EXERCISE REQUIREMENTS -> The pictures get left out, but everything else in the listing below must be duplicated exactly.
══ SUPPLIED DATA
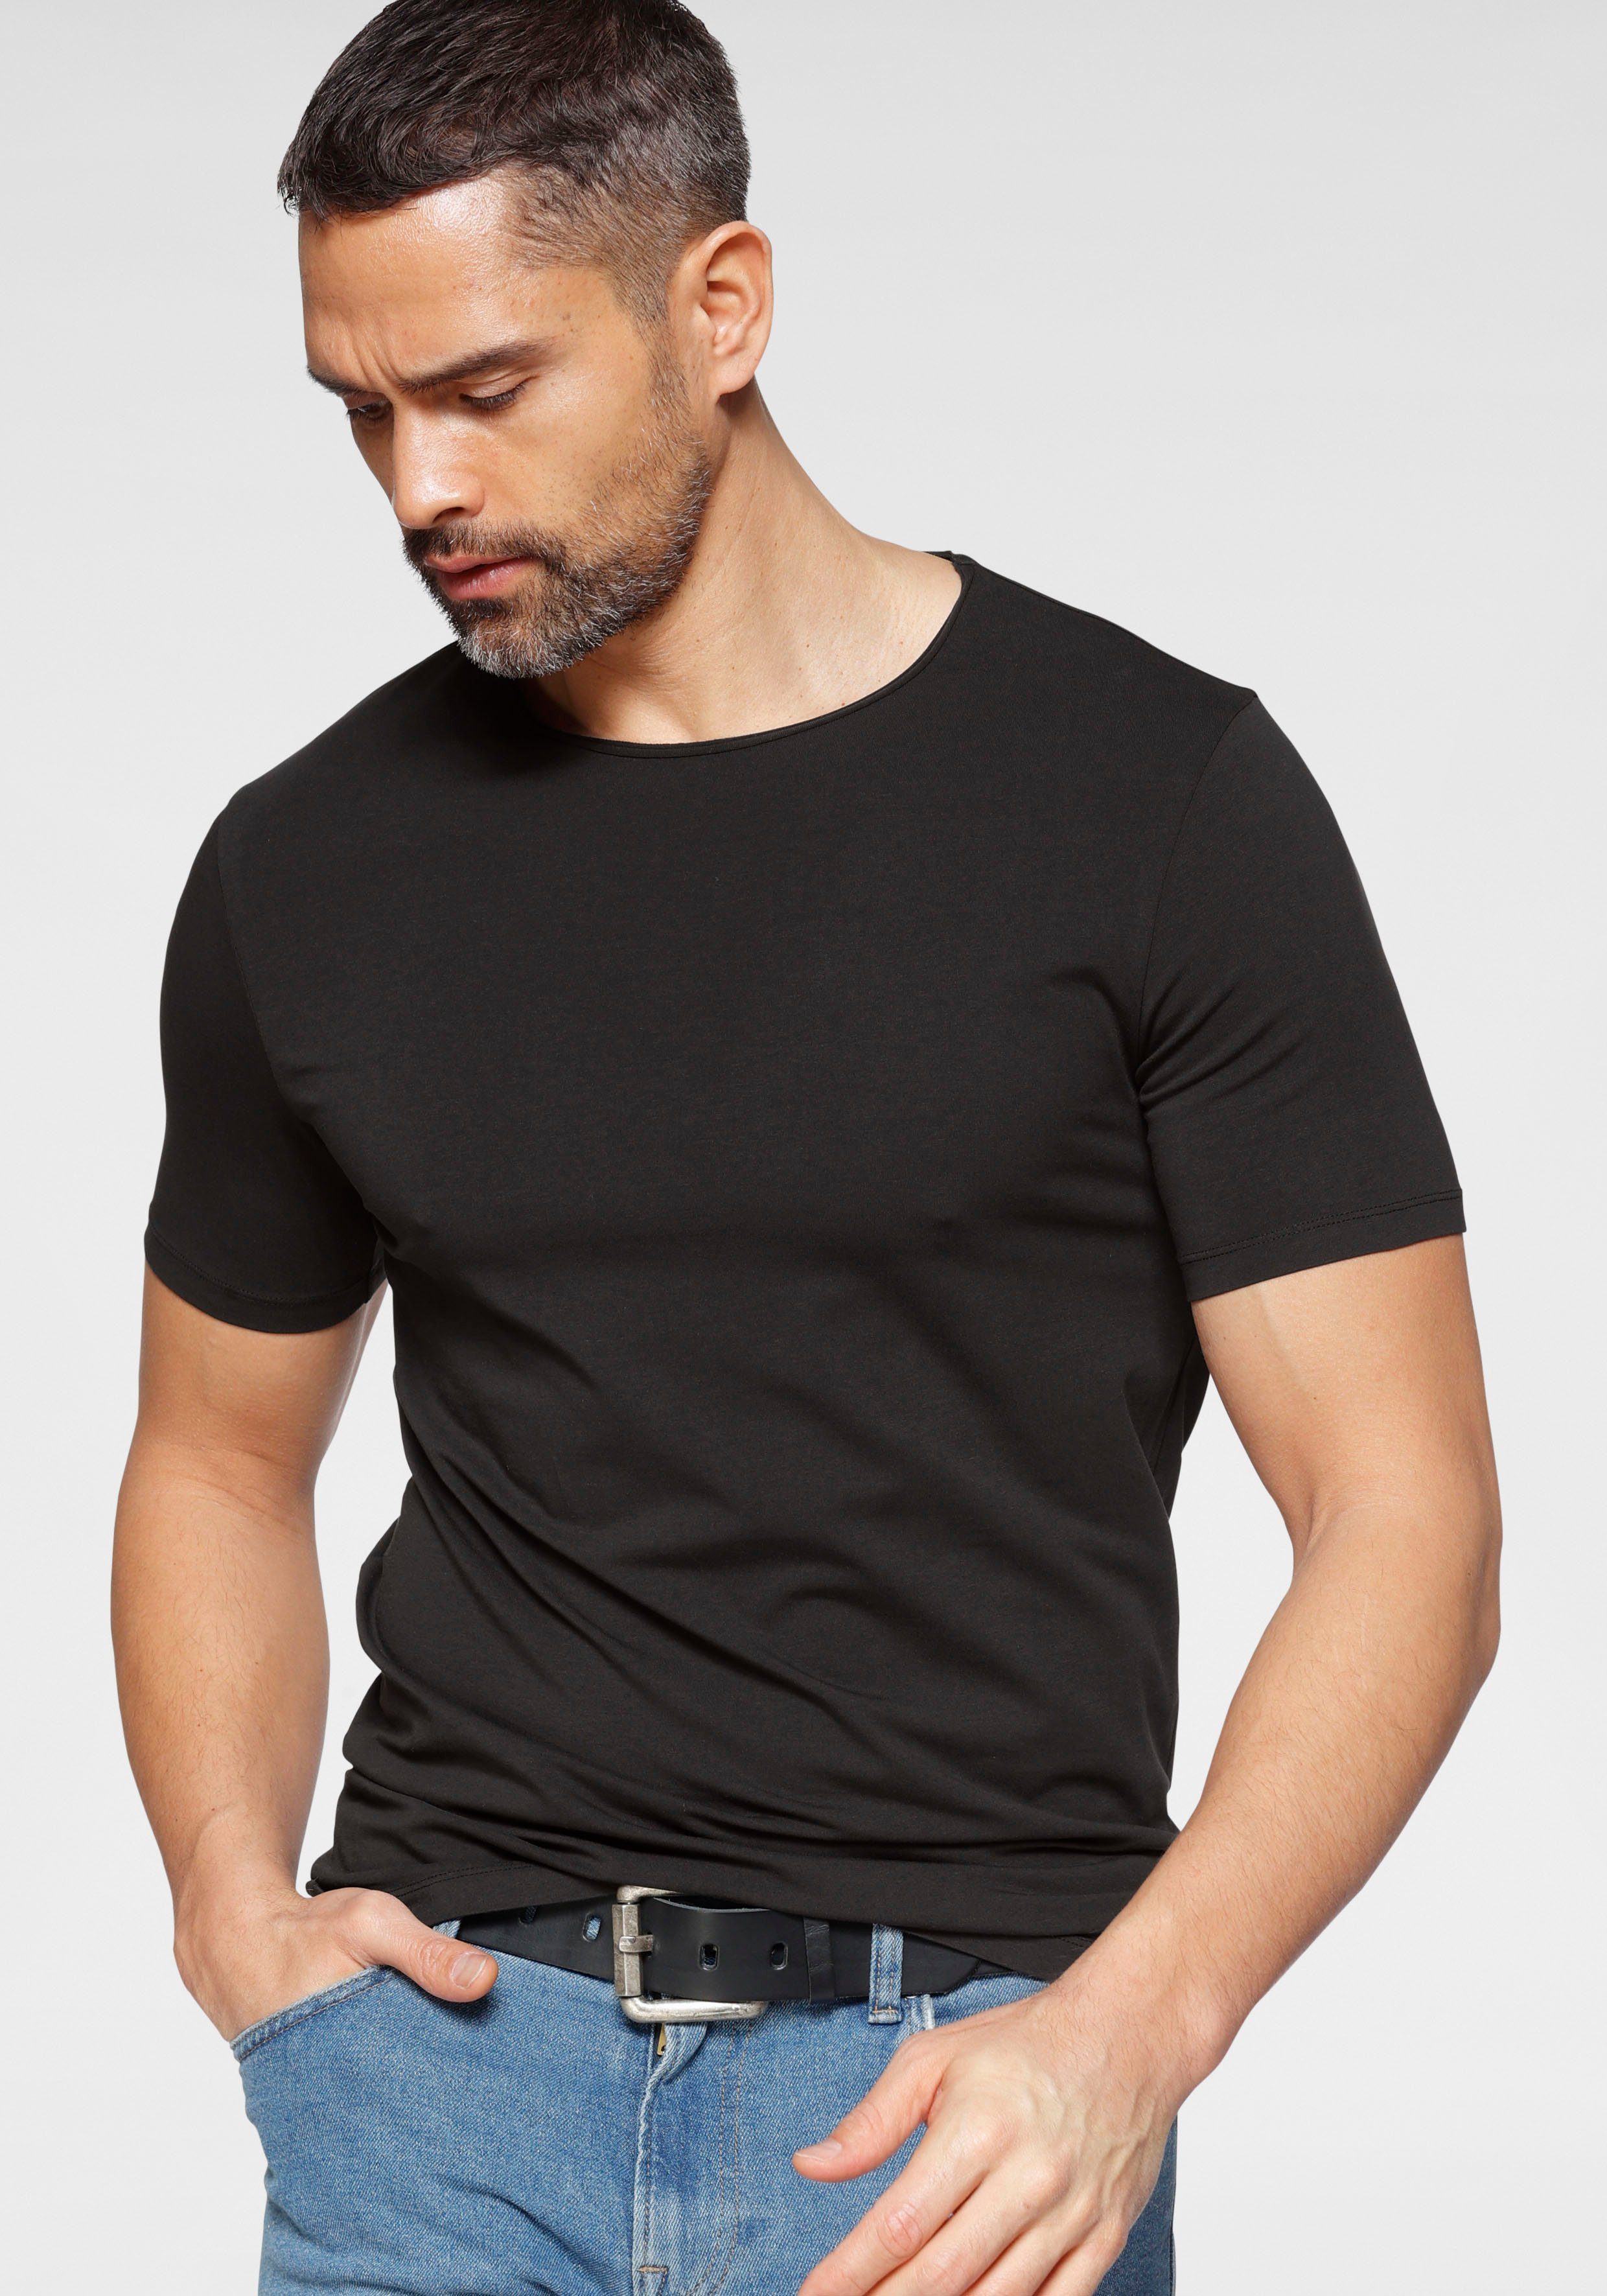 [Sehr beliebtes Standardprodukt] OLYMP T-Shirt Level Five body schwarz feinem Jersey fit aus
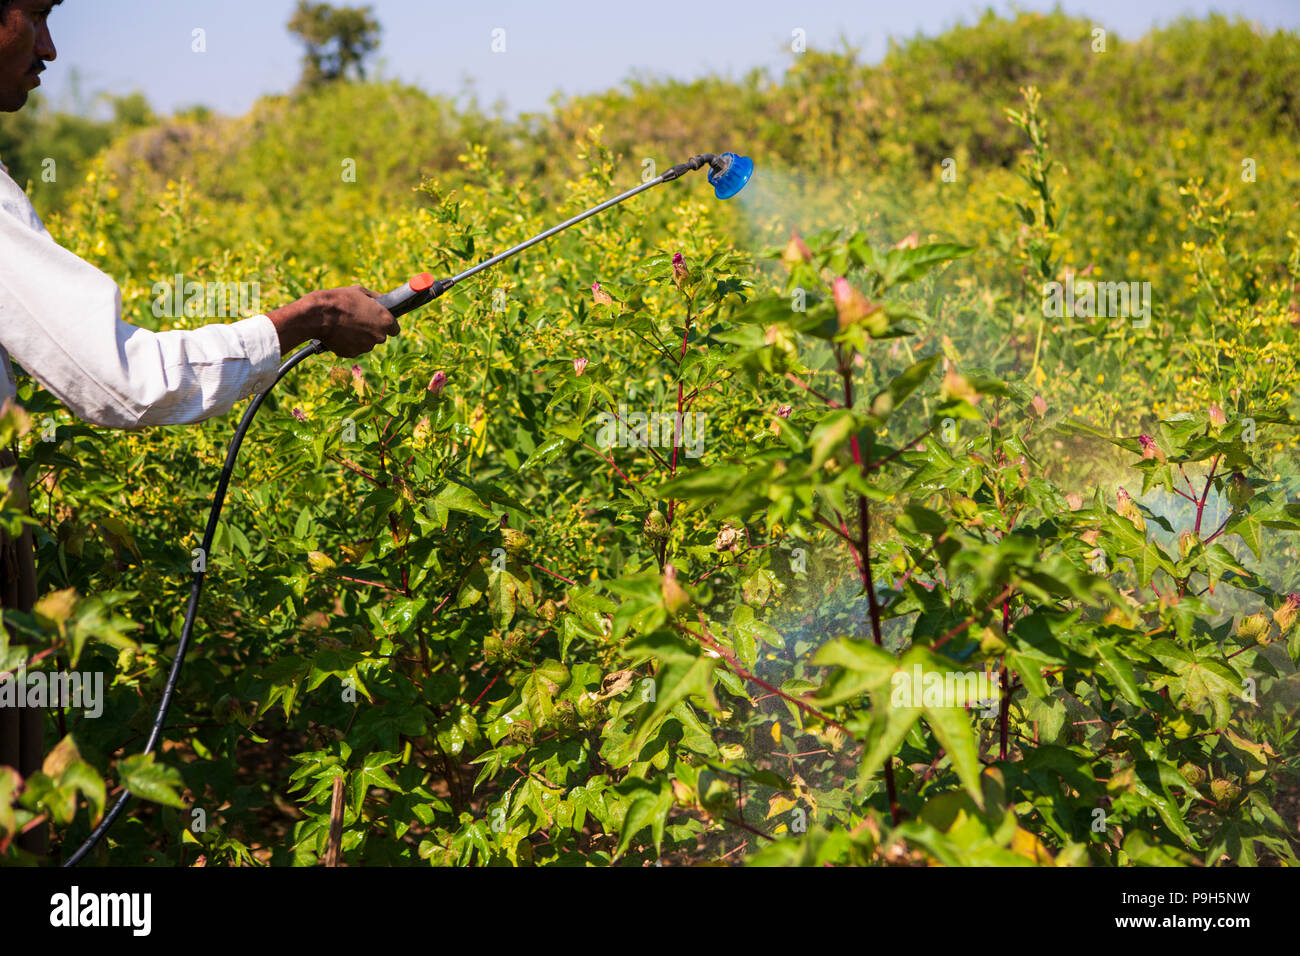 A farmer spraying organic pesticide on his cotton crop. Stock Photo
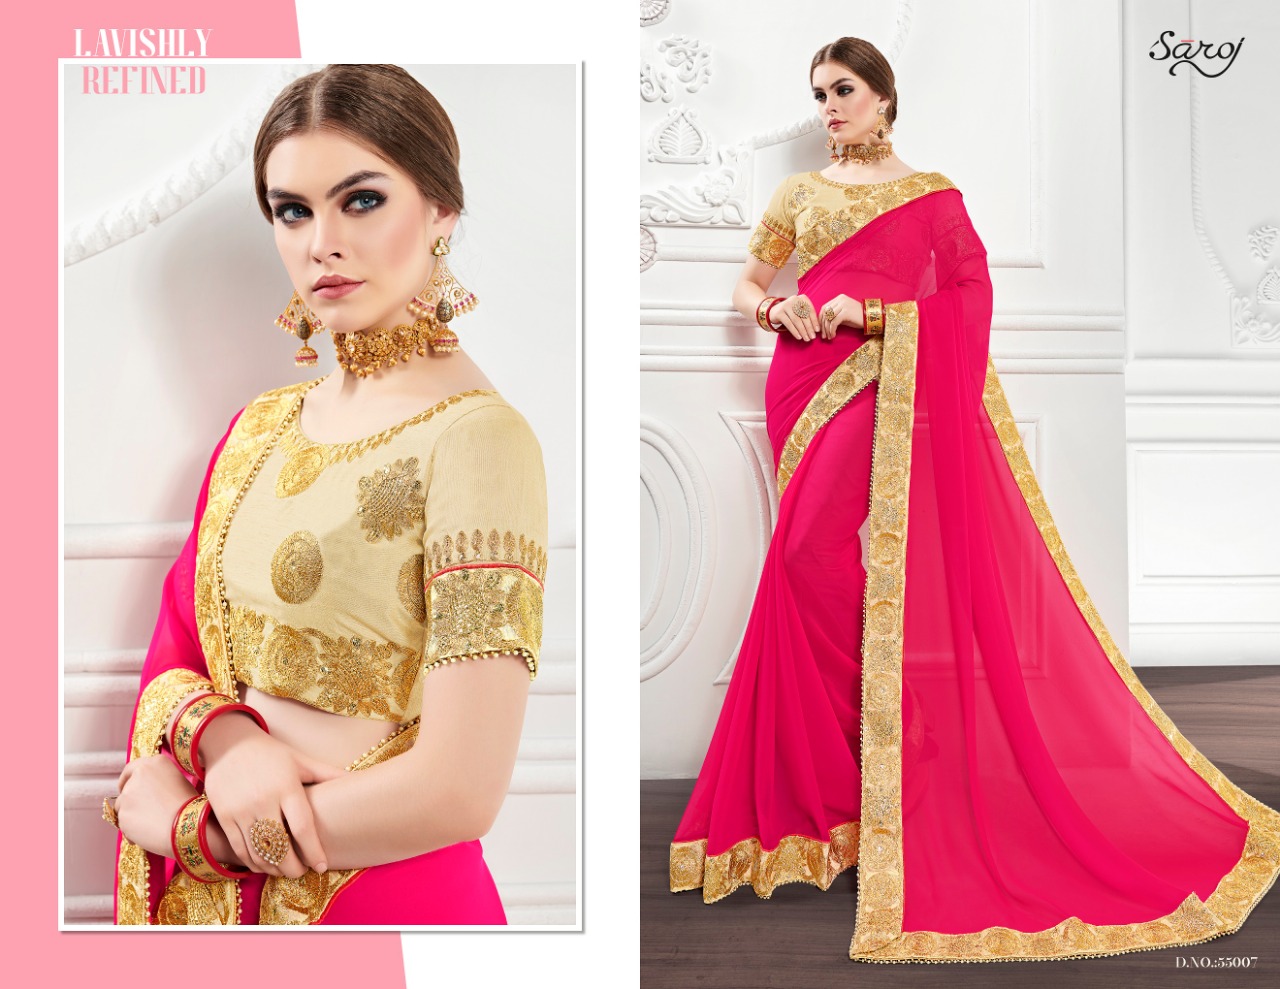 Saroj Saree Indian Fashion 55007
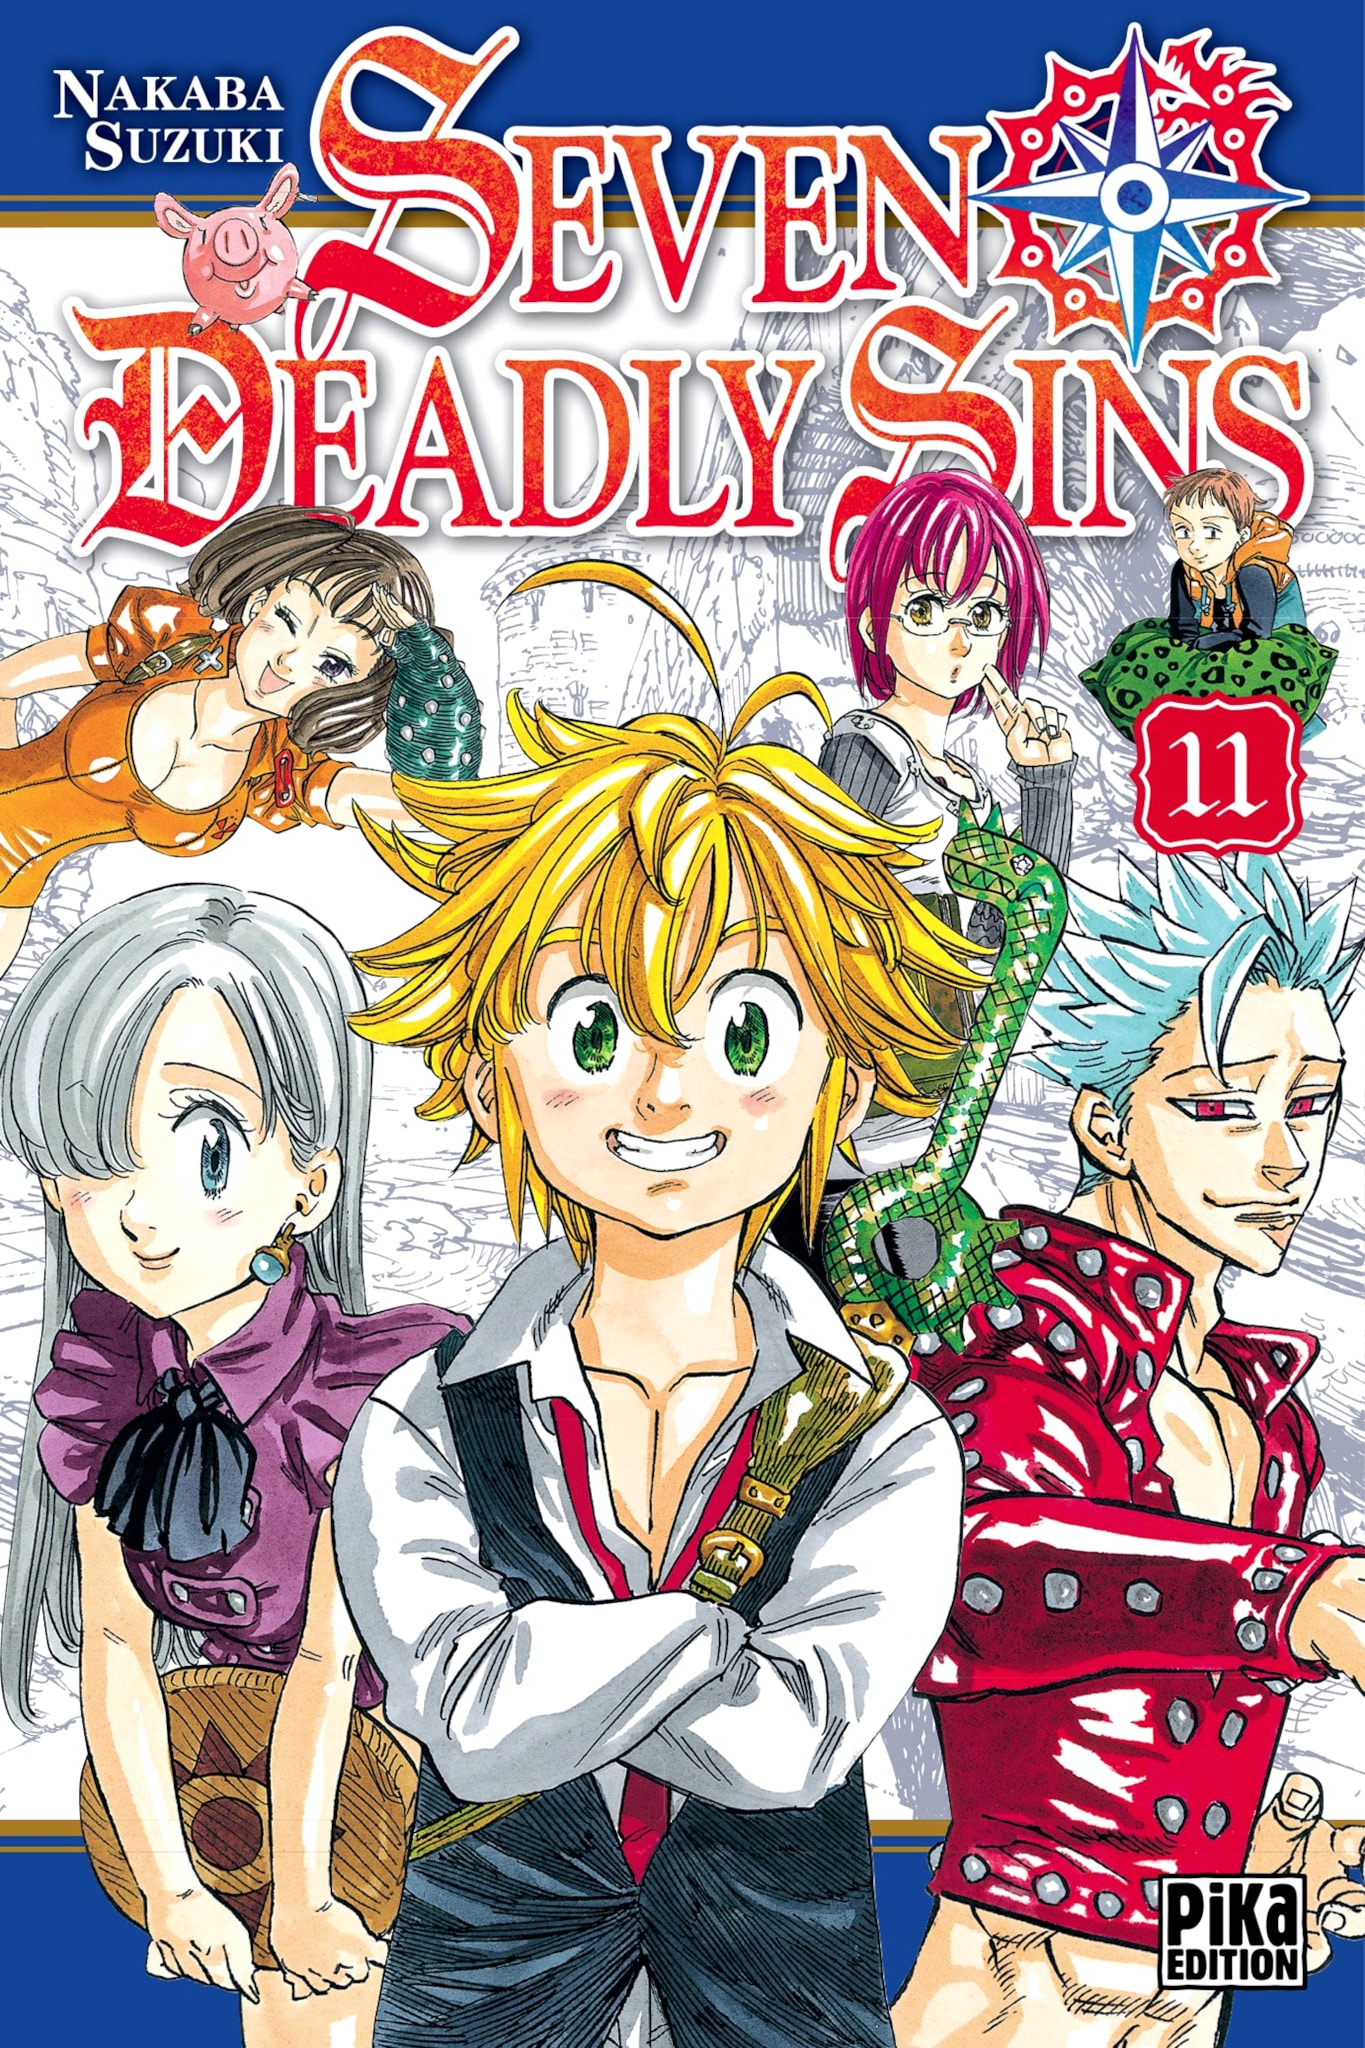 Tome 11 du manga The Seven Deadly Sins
════
TASK RESULT ->
 [Sehr beliebtes Standardprodukt] OLYMP T-Shirt Level Five body schwarz feinem Jersey fit aus
 A farmer spraying organic pesticide on his cotton crop. Stock Photo
 Saroj Saree Indian Fashion 55007
 Tome 11 du manga The Seven Deadly Sins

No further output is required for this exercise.